** Opening DATA SHOWN block **

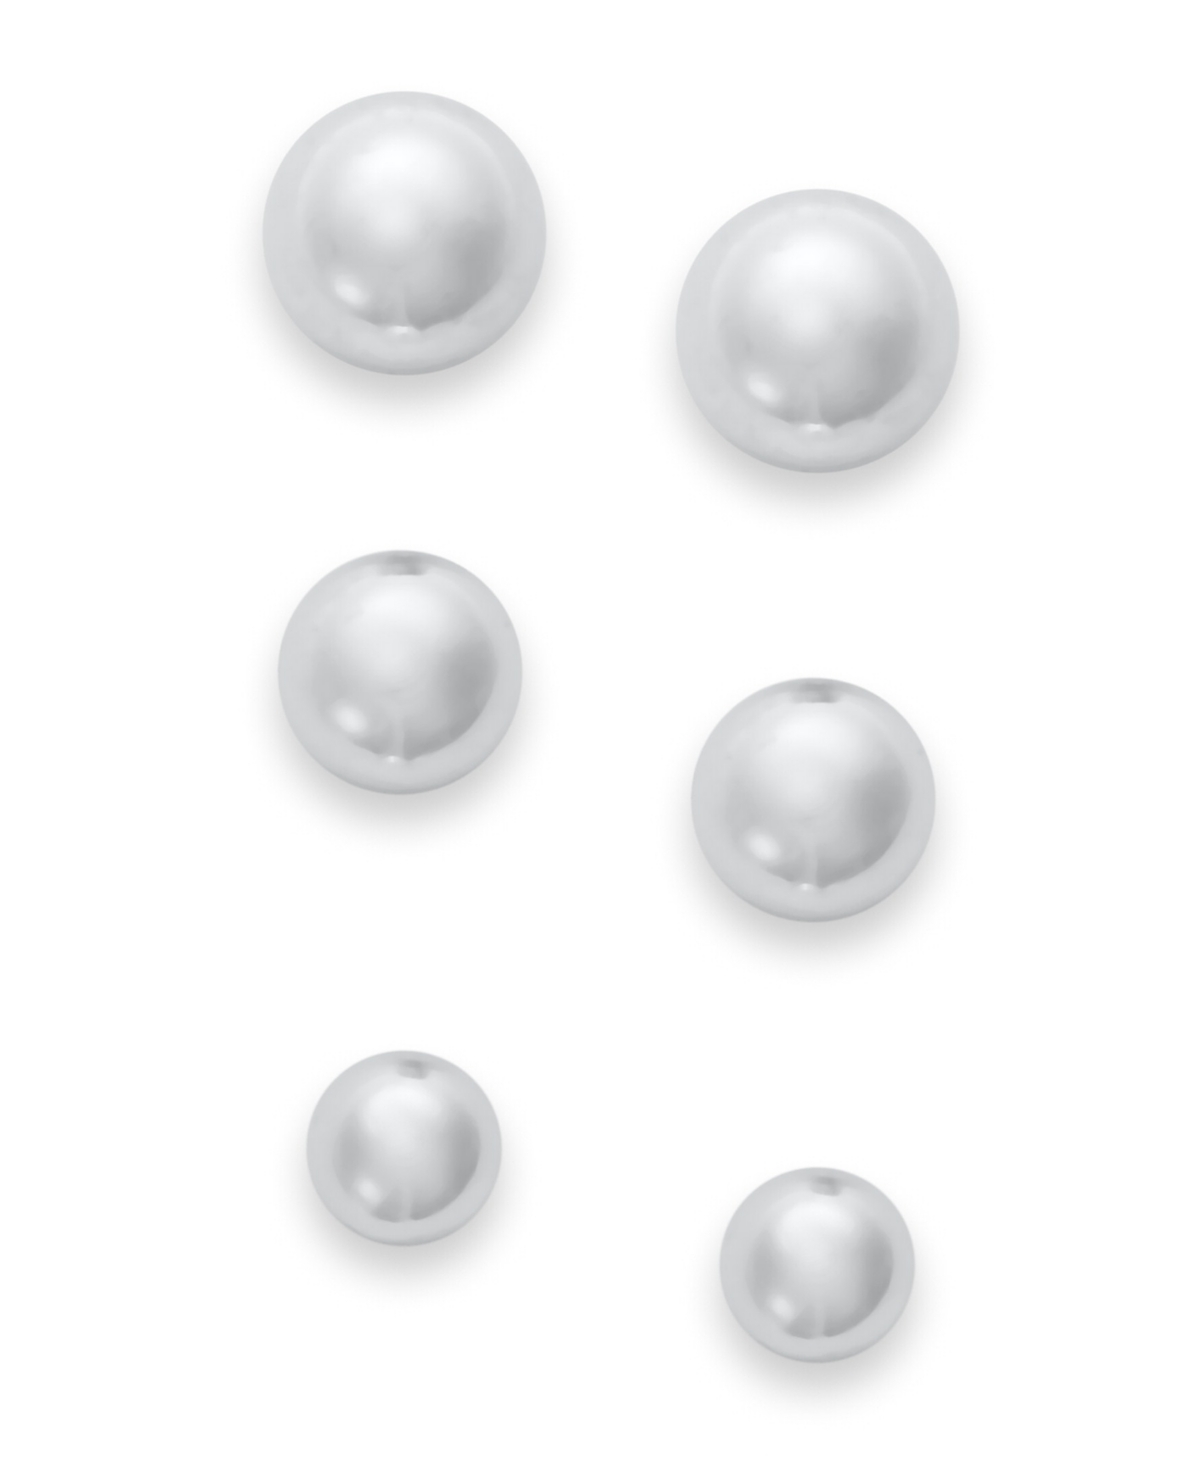 Giani Bernini Set of 3 Ball Stud Earrings in Sterling Silver, Created for Macy's
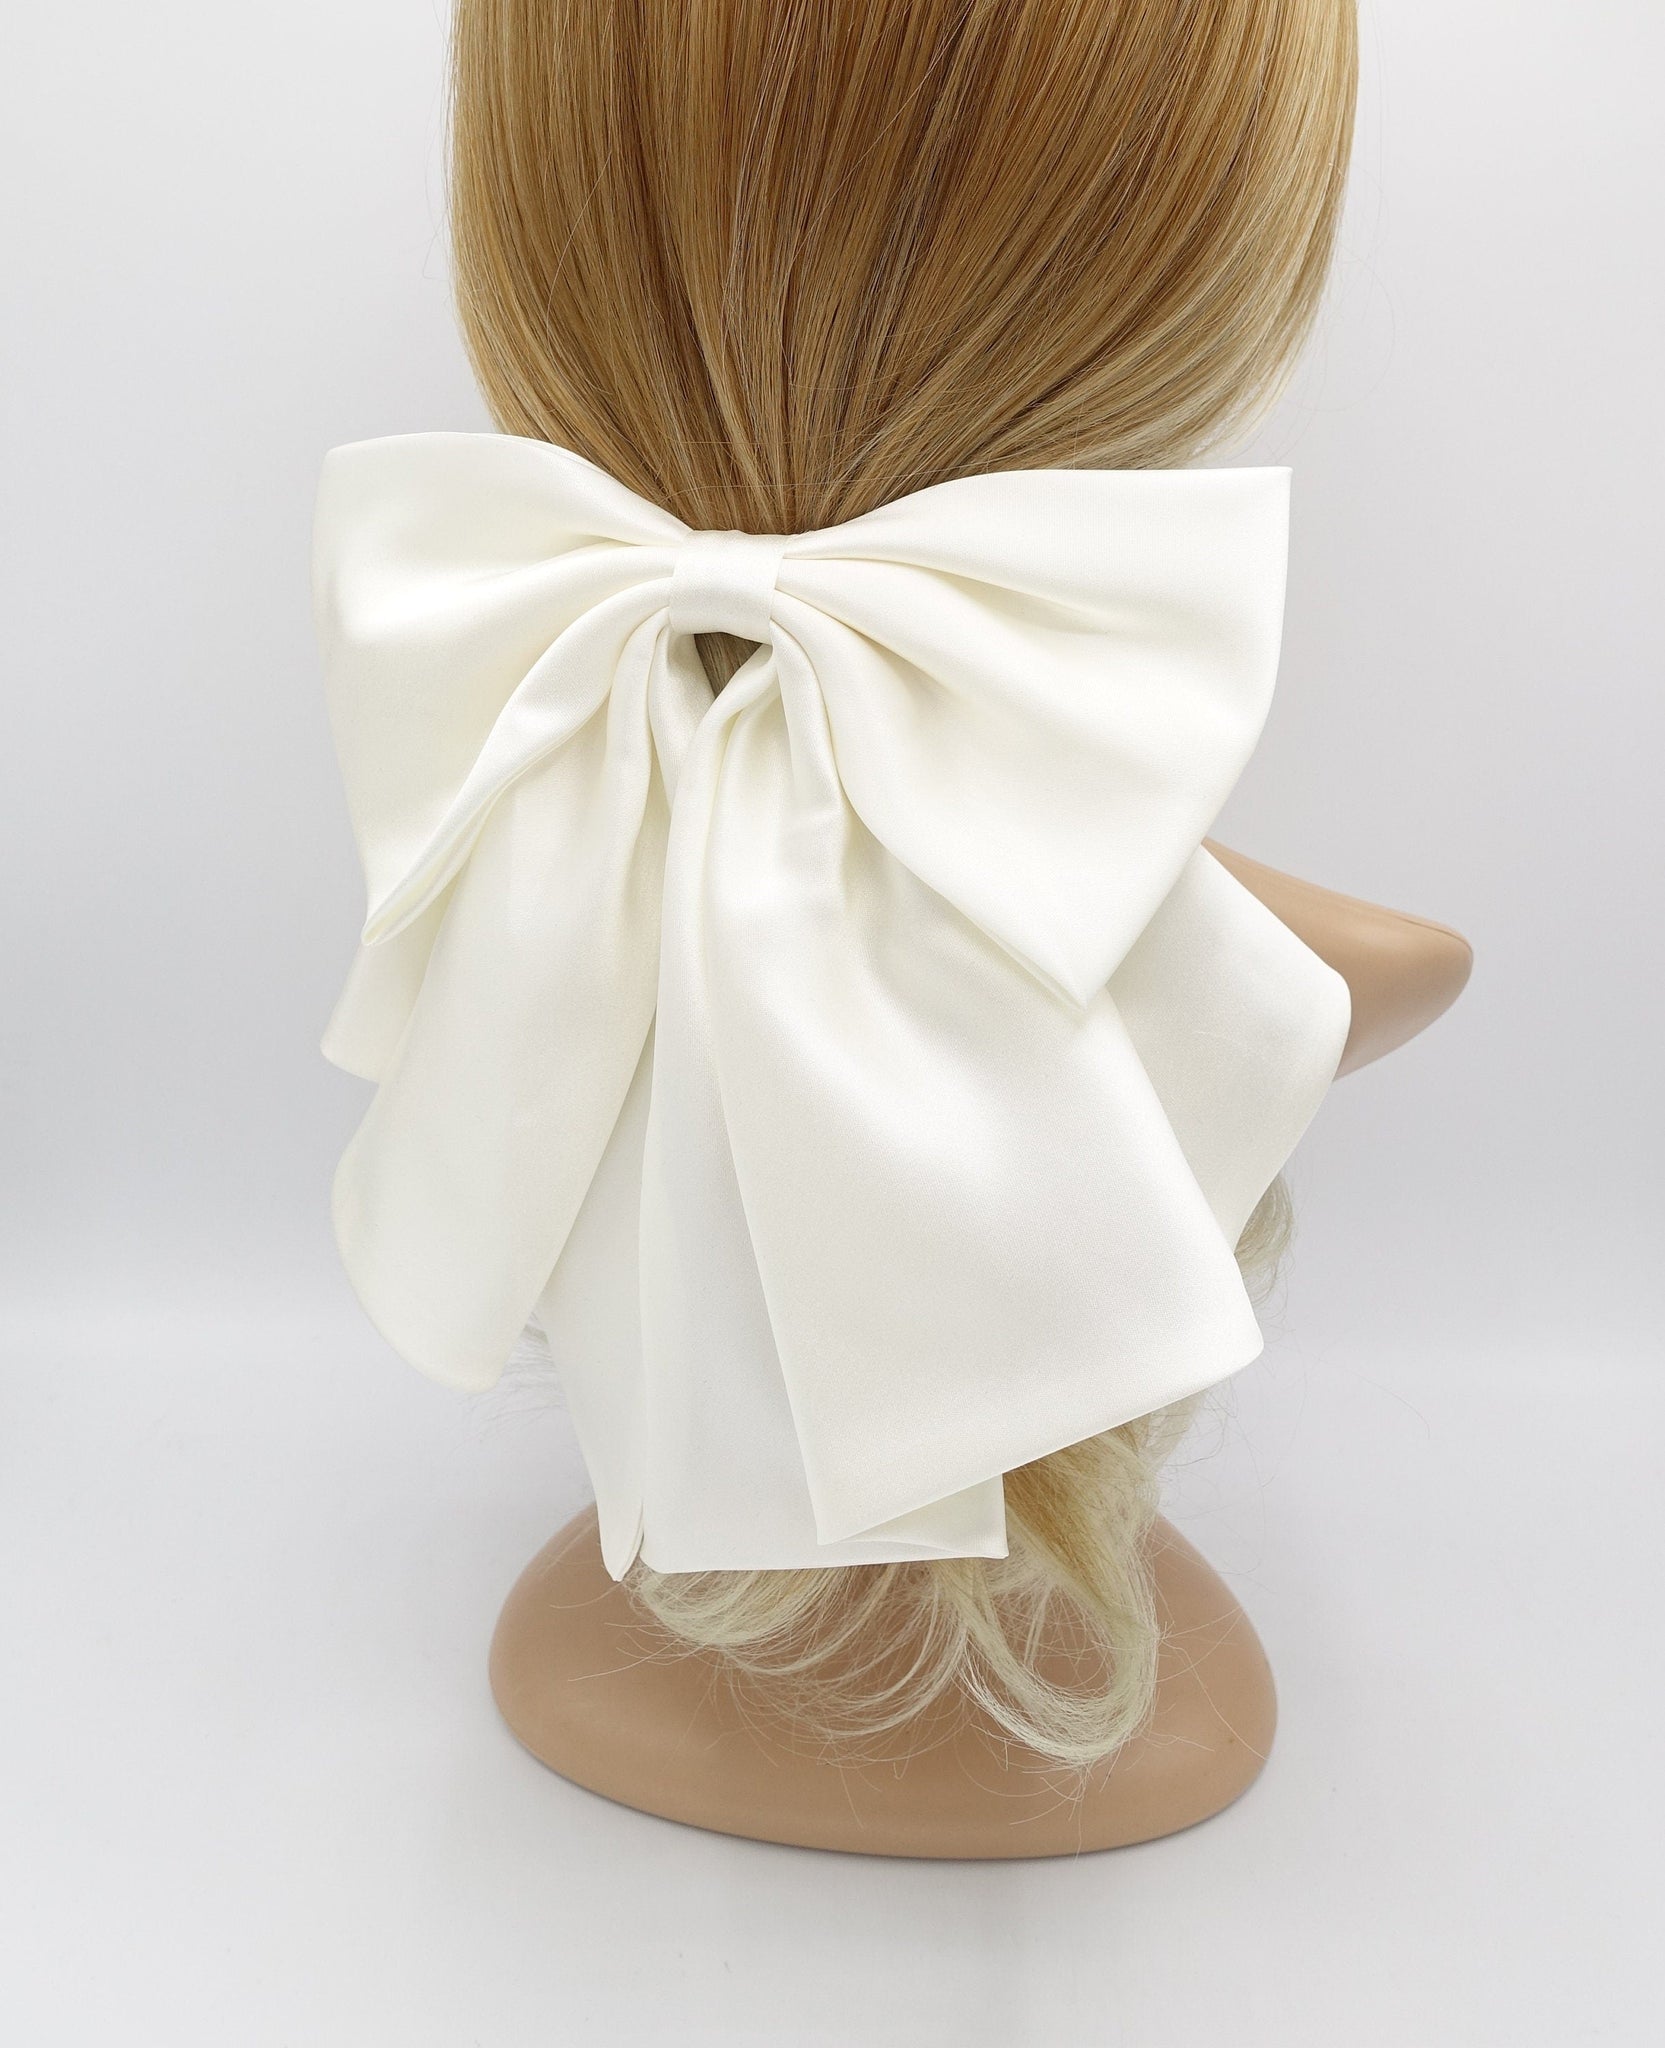 veryshine.com Barrette (Bow) Cream white satin suit hair bow classic ...
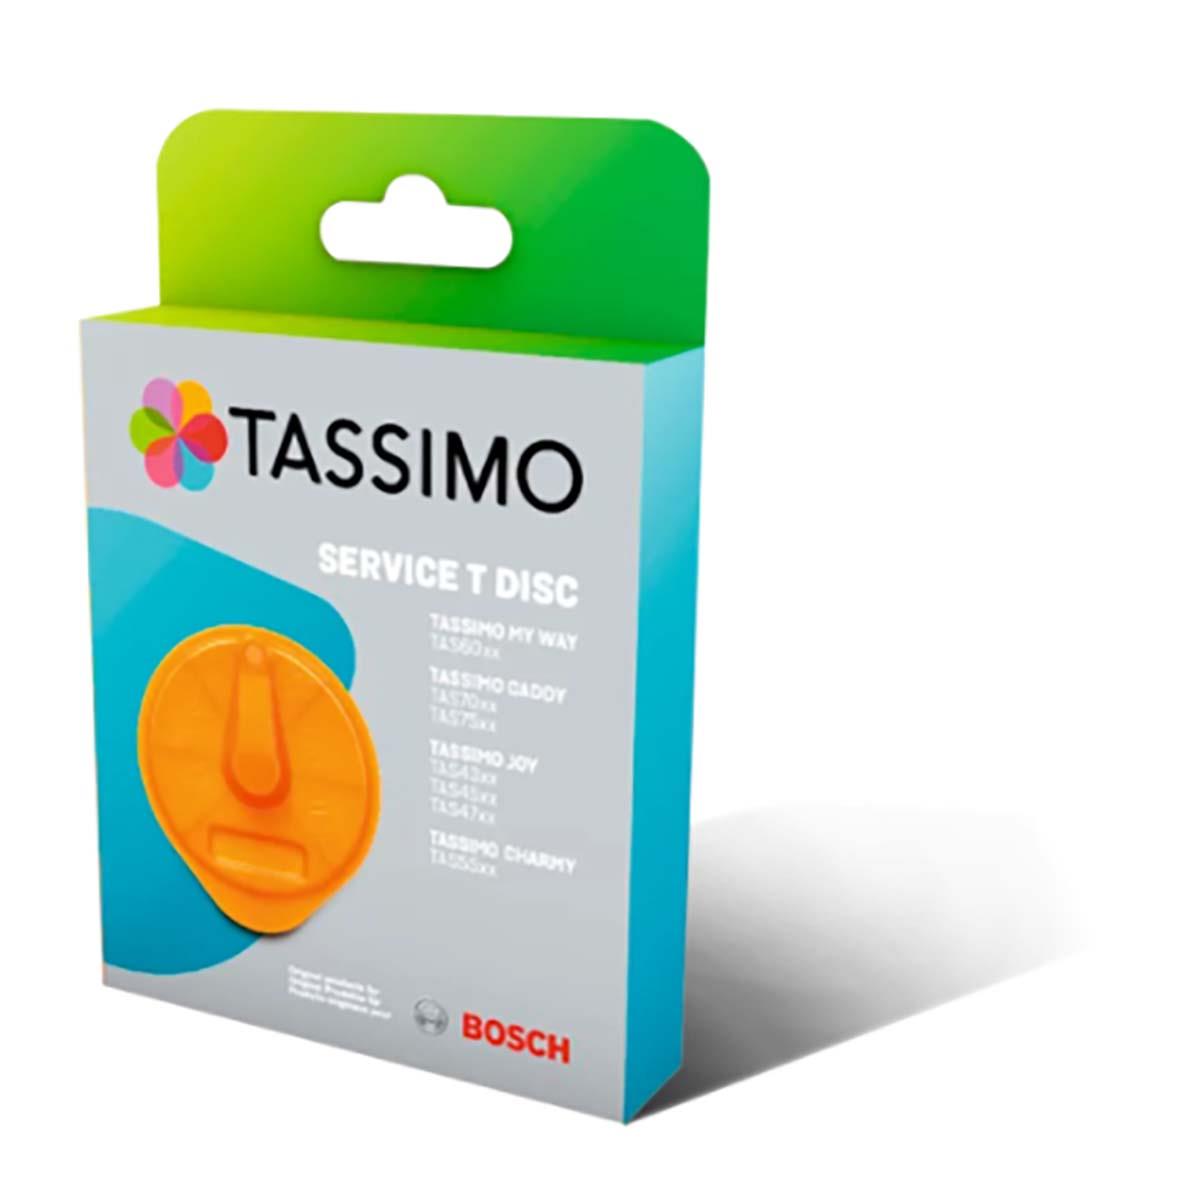 Bosch Replacement 576837 Service T-Disc for Tassimo Coffee Machine Orange

** Closing DATA SHOWN block **

Please return only the lines from the one holding "veryshine.com Barrette (Bow)" through the end of the data, both ends included; do not copy any pictures.

• _ANSWER FOR THE TASK_
 veryshine.com Barrette (Bow) Cream white satin suit hair bow classic ...
 Bosch Replacement 576837 Service T-Disc for Tassimo Coffee Machine Orange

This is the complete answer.